I ended my relationship one year ago and I cant get him out of my head. I truly loved him and him me but there were things wrong that I felt I could not handle. He always seemed to be greedy with his money towards me yet over the top with things for his teenage children. We hardly went out and had diffrent tastes in entertainment and holidays. He always had to have been or done more than anyone ie if you had a hole in the head his would be bigger. Yet he was very affectionate and caring looking after me when I was ill. Can anyone change? He said I didnt talk to him about anything that could've been wrong. Thats because I dont like confrontation. I fear its too late now as he never rang me nor me him after we broke up, only once. I think his pride would stop him even wanting to talk about it. I think I have loved him more than my husband of many years and other boyfriends.

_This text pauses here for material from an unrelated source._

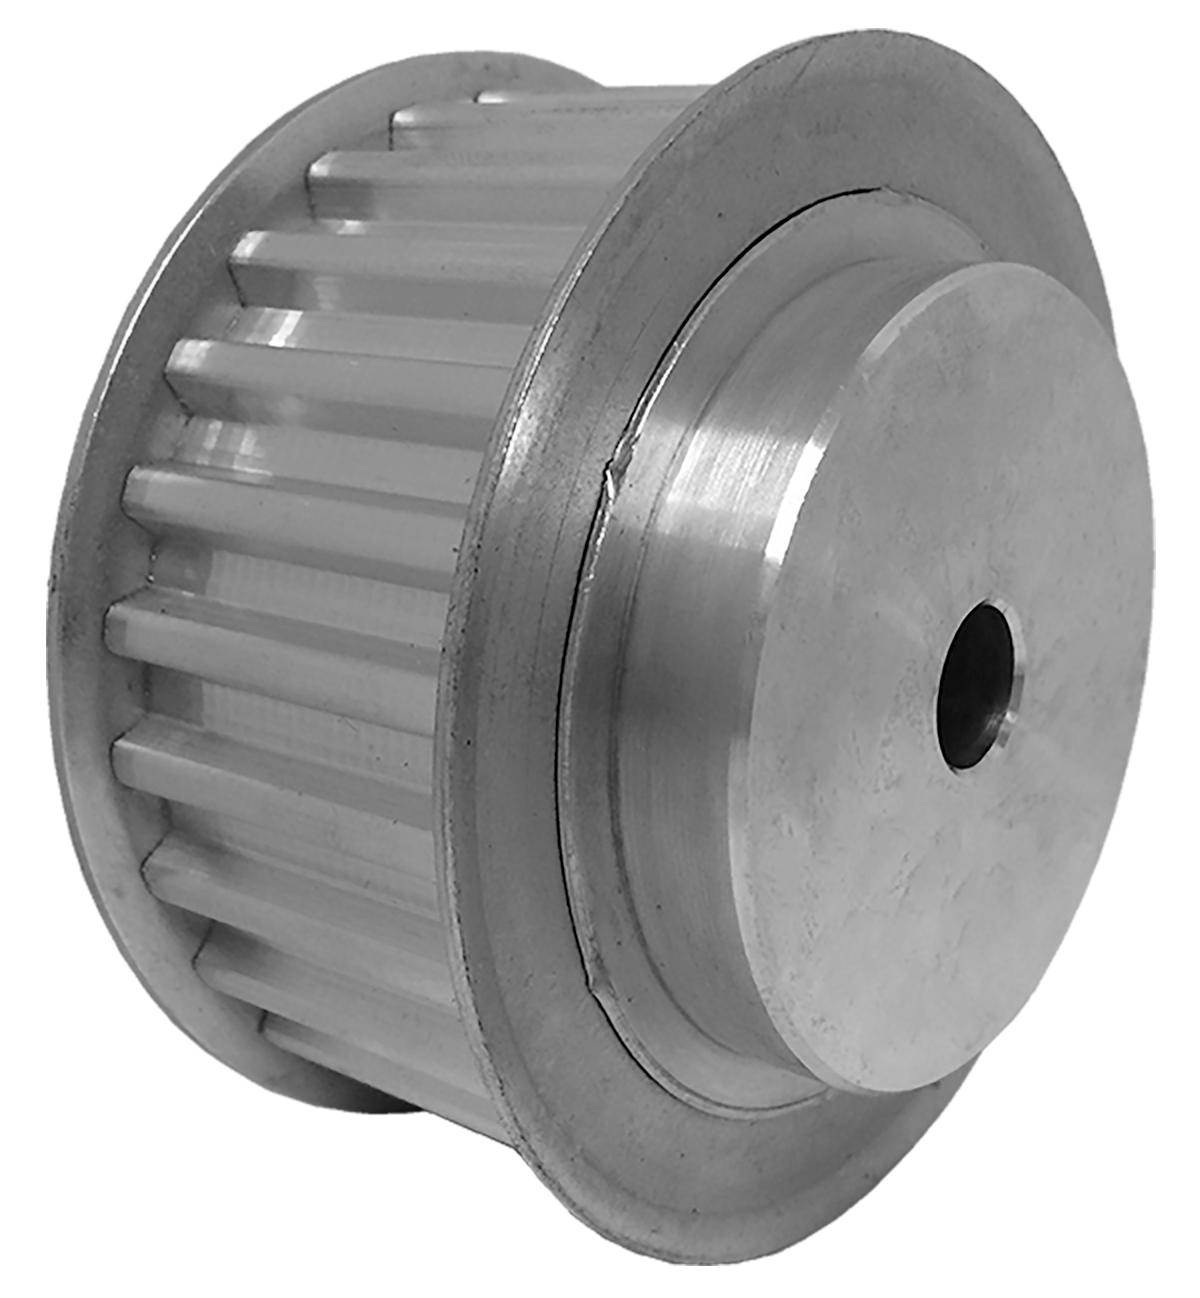 47T10/27-2 - Aluminum Metric Pulleys

hi sogudsam, you have listed his faults, but at the end, put in the "well he was caring for me when I was ill" bit
When a relationship ends, we tend to suddenly remember all the good stuff, and the crap, is magically pushed to the back of our minds!!
You ended the relationship because it was not working, so really I would say, put it in the past. I know its difficult, as I have a struggle doing the same.
In his defence, if you didn't tell him you were unhappy about things, then how would he have know there was a problem. Communication in a relationship is vital, in order to iron out any difficulties and prevent them from arising again.
It sounds to me, maybe he has some insecurities, the fact that he constantly needs to reassure himself that he's better than or has done better than other people and I can understand how meaness with money is a trait you would find annoying.
If you really love each other, then surely it's worth talking things through to see if you can work things out. If you don't feel you can sort it out yourselves, then perhaps relationship counselling may help.
Thank you for your answers. And yes Velvetee I am a Libran, are you. I swing from one line of thought, positive, to another, negative, and never come up with a decision. It is torture. The indecisiveness.